**Required action:**
Please transcribe only the lines from the one holding "Yeelight Smart LED Bulb 1S (White)" through the final line of the data, both included, with no pictures.

**Source material:**
——

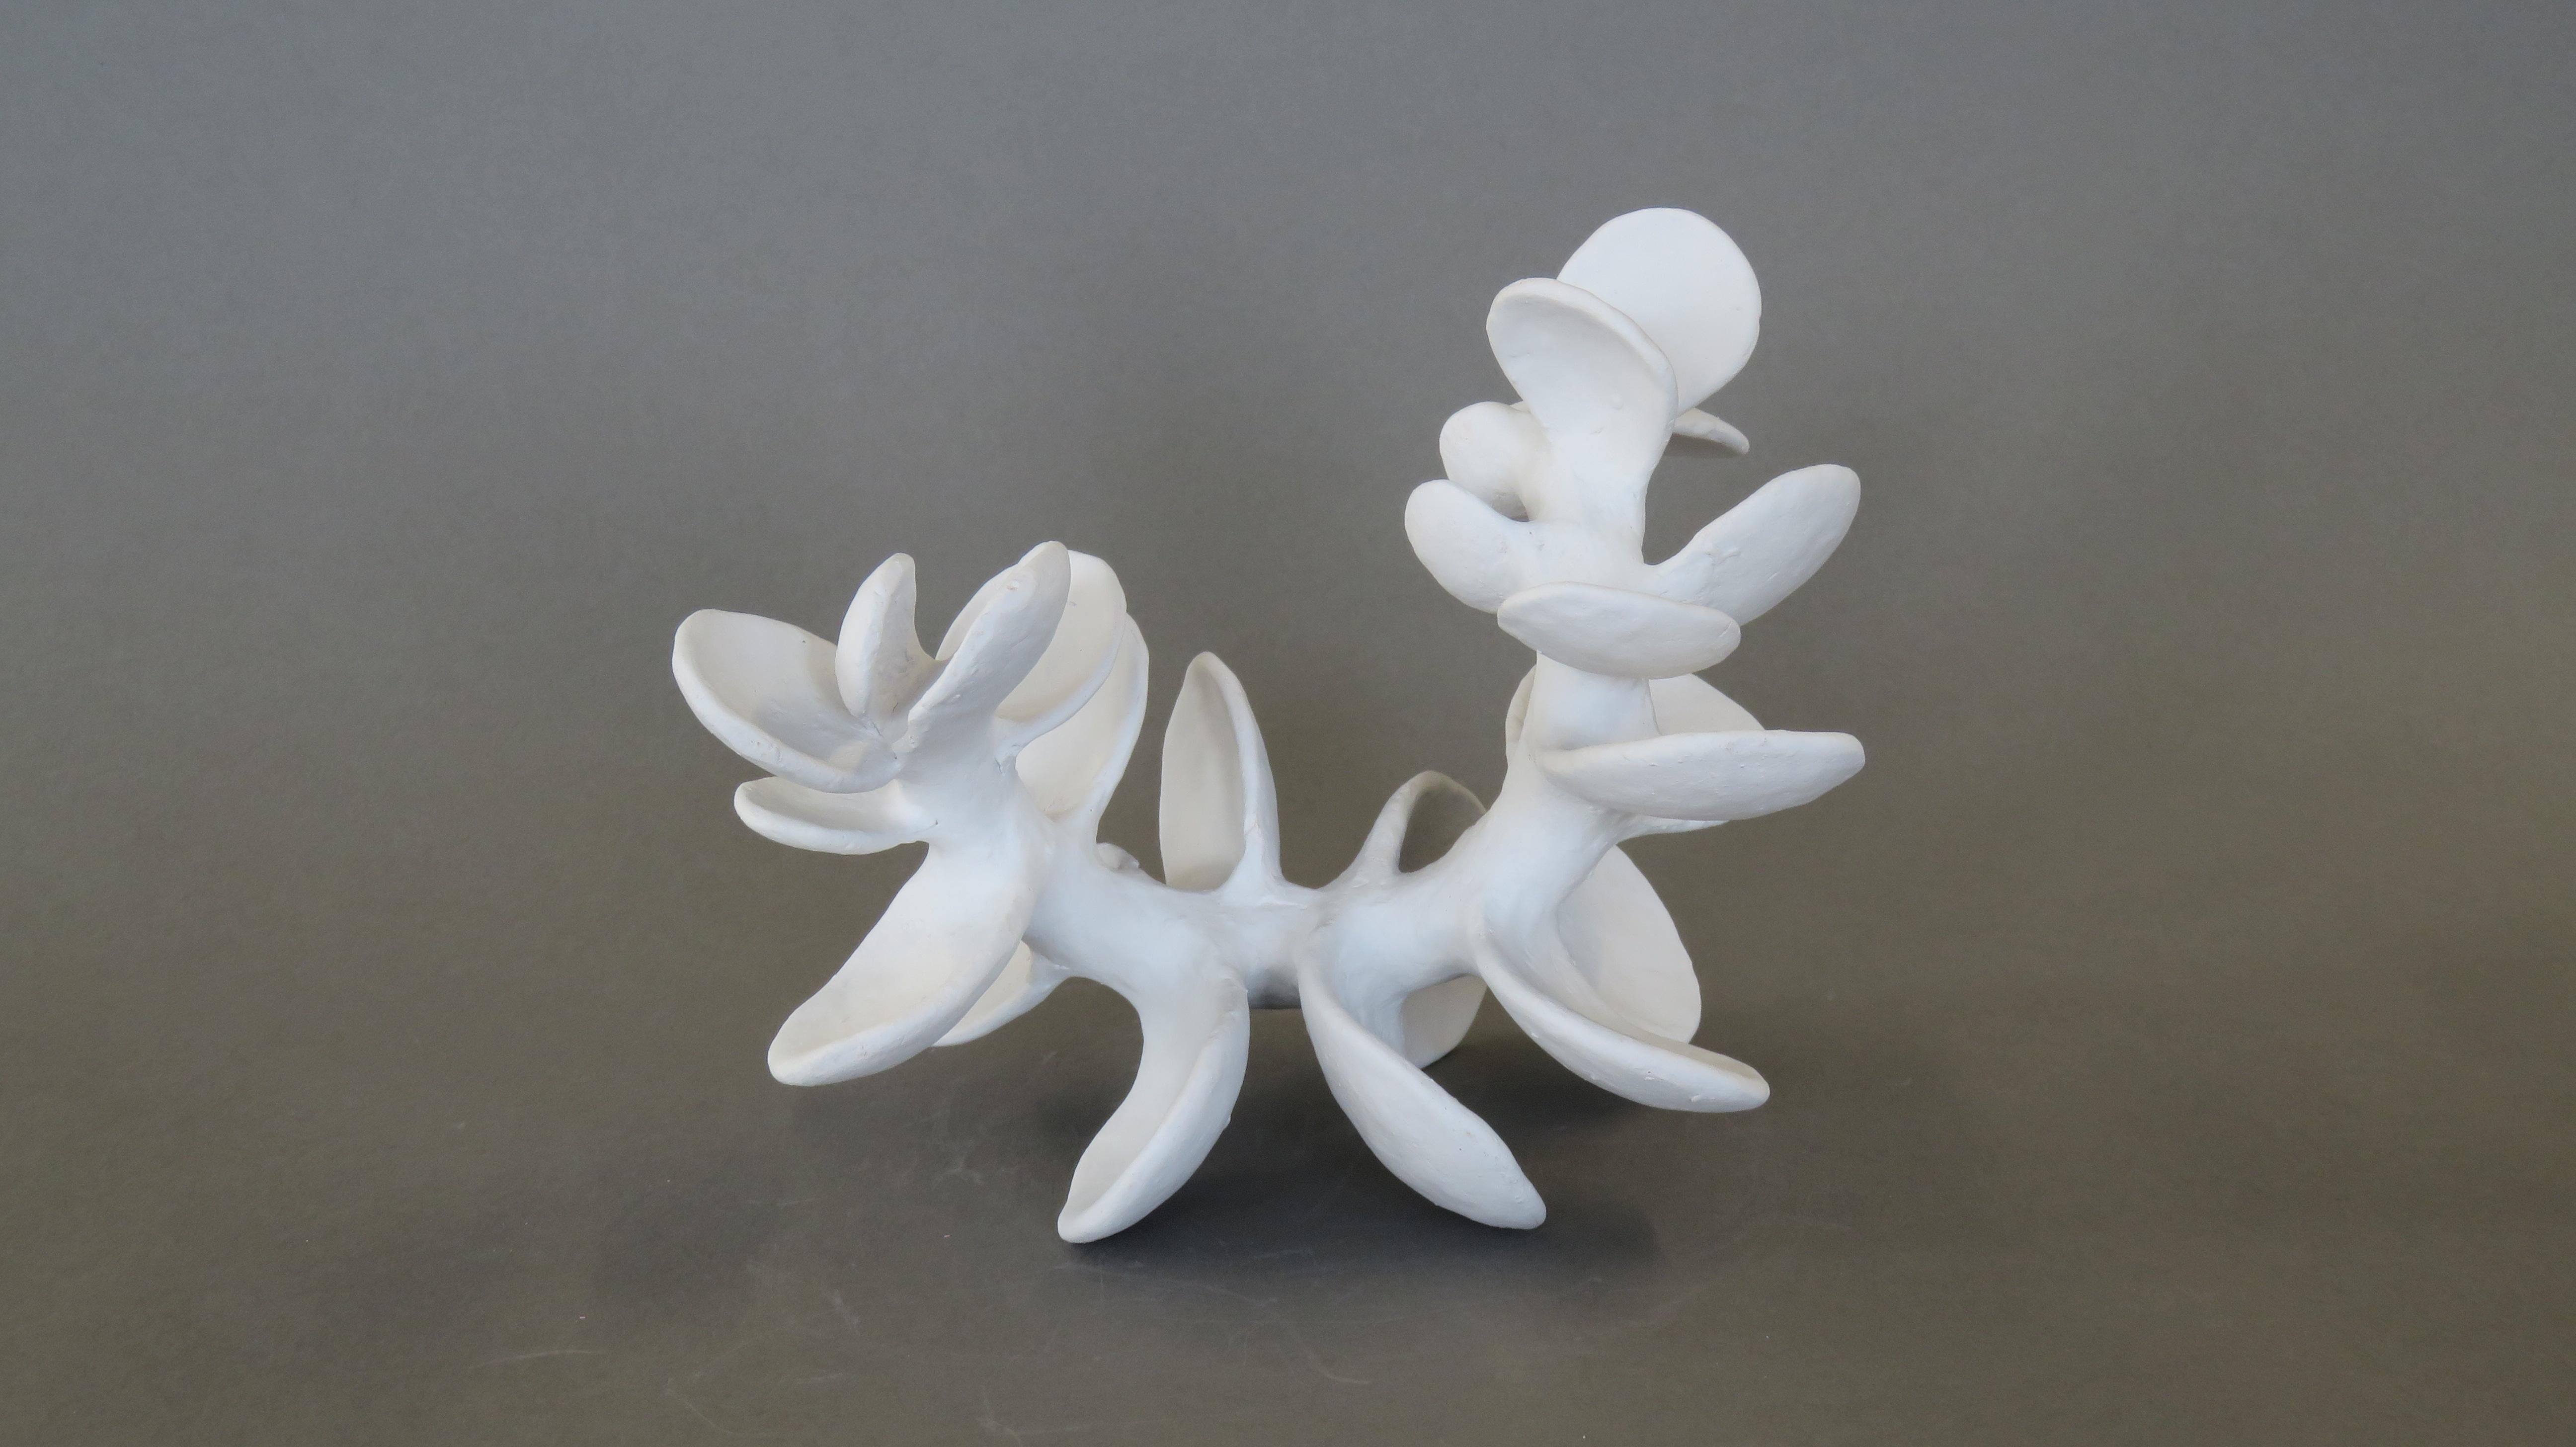 Handgefertigte Keramik-Skulptur:: Wirbel mit puderweißen Blütenblättern 2
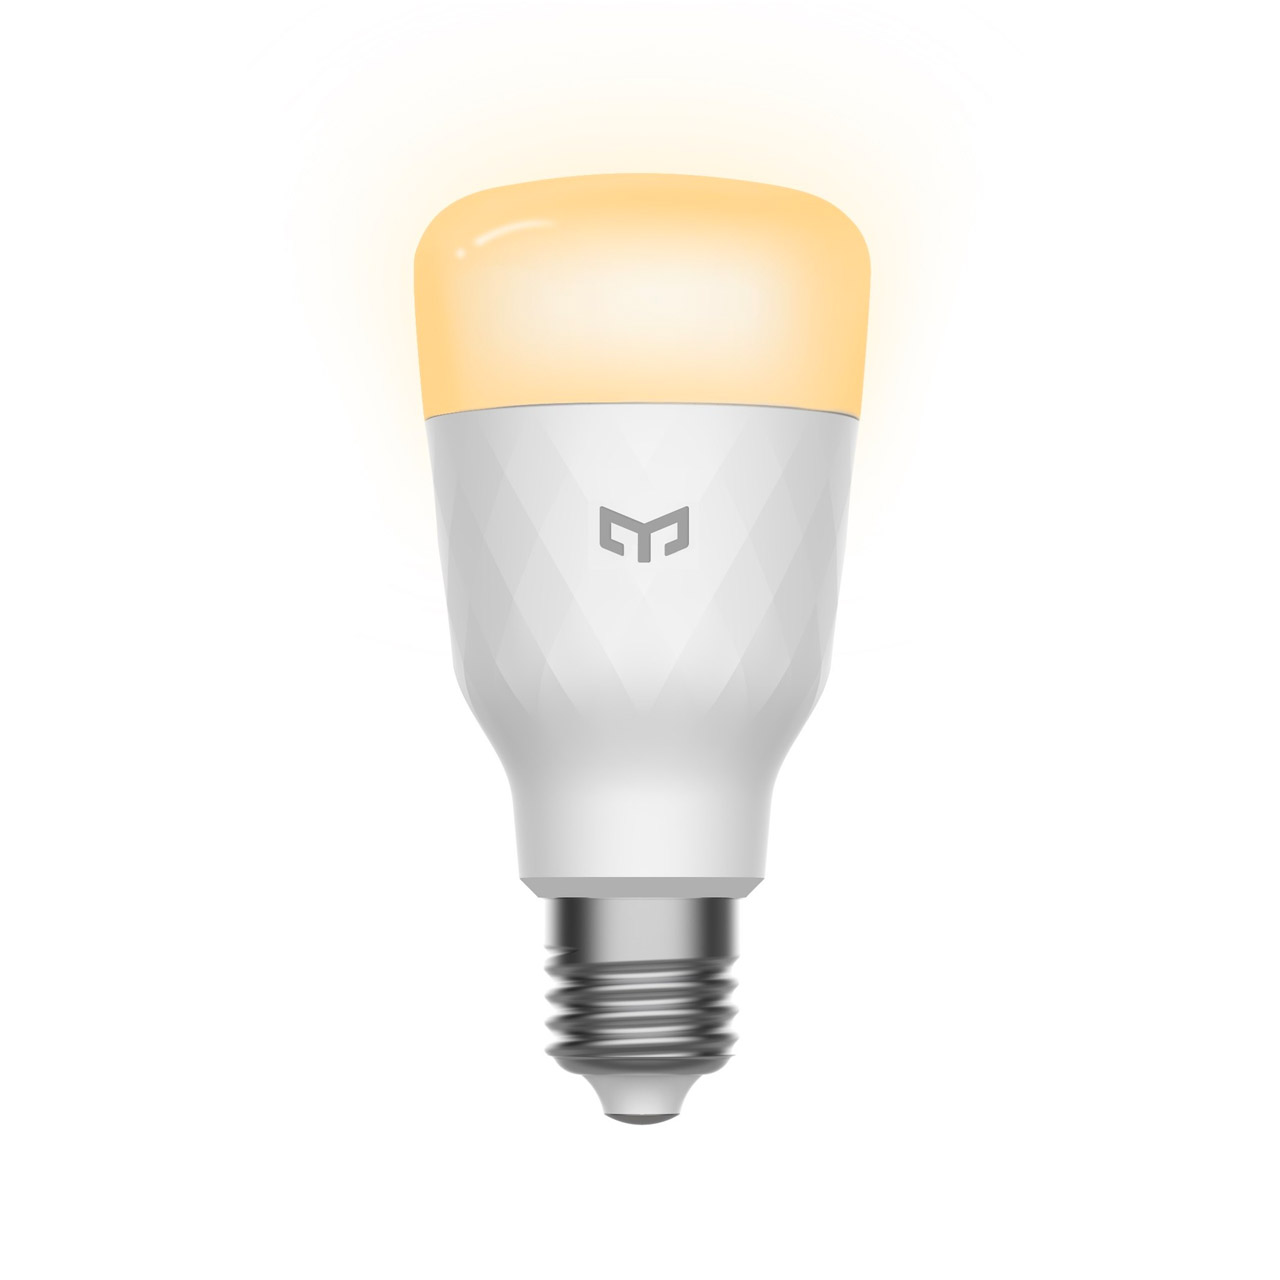 Yeelight Smart LED Bulb 1S (White)
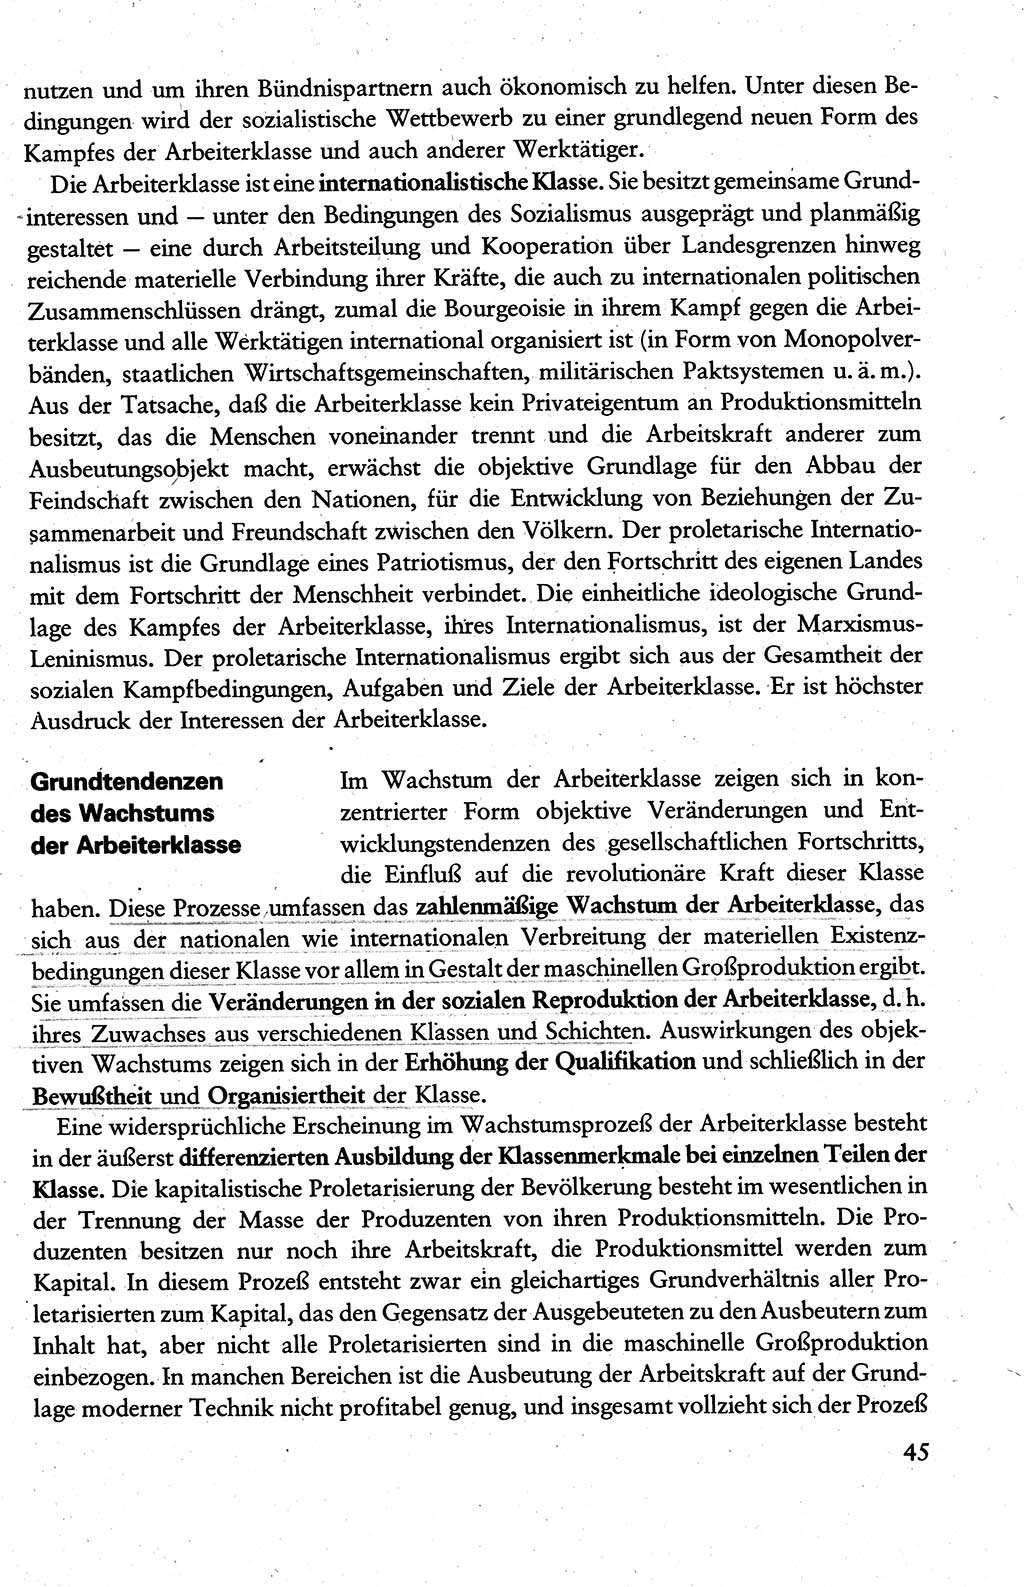 Wissenschaftlicher Kommunismus [Deutsche Demokratische Republik (DDR)], Lehrbuch für das marxistisch-leninistische Grundlagenstudium 1983, Seite 45 (Wiss. Komm. DDR Lb. 1983, S. 45)

——

**Expected output:**
 Yeelight Smart LED Bulb 1S (White)
 Wissenschaftlicher Kommunismus [Deutsche Demokratische Republik (DDR)], Lehrbuch für das marxistisch-leninistische Grundlagenstudium 1983, Seite 45 (Wiss. Komm. DDR Lb. 1983, S. 45)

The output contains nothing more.